Para pria ini kalap. Mereka memukulkan pisau ke punggung mereka. Berkali-kali, tanpa henti. Darah segar mengalir. Inilah lambang cinta bagi sang Imam Hussain.

Ada banyak cara menunjukkan duka cita ketika ditinggal pergi orang yang disayangi. Ada yang menangis berhari-hari. Ada yang berpantang kesenangan selama empat puluh hari. Ada yang mengurung diri, tak mau bicara dengan siapa pun. Ada pula yang menyakiti diri sendiri, untuk menunjukkan kesedihan yang tak terkira.

Ratusan pria yang berkumpul di sebuah lapangan di Lahore ini termasuk golongan yang disebut terakhir.
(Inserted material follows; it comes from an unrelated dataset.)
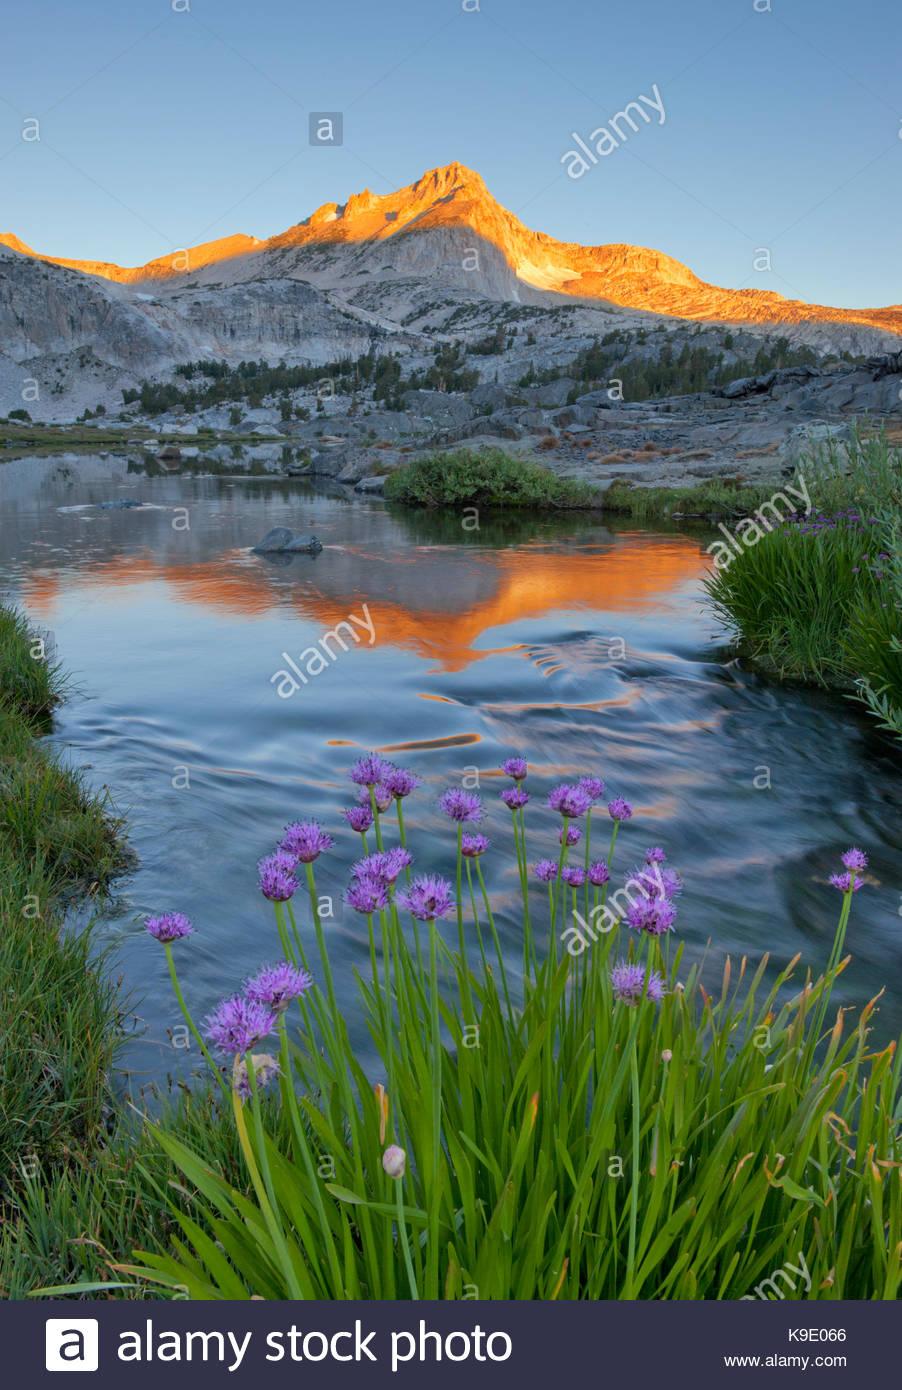 La cebolla salvaje, Lago Greenstone y norte de Pico, Hoover, Inyo Wilderness National Forest, California Imagen De Stock

Begitu kesedihan mereka mencapai klimaks, lautan massa menangis keras dan suara pukulan-pukulan pada kepala dan dada berlangsung serempak, tamparan-tamparan di wajah sendiri meninggalkan jejak-jejak tangan. Kaum perempuan sudah meledak air matanya di balik cadarnya yang hitam pekat. Tangisan yang tak lagi terbendung mengeringkan kantung air mata, para pria yang bertelanjang dada berebutan menggapai rantai pisau, untuk menunjukkan cinta mereka pada sang Imam yang syahid dalam membela kebenaran.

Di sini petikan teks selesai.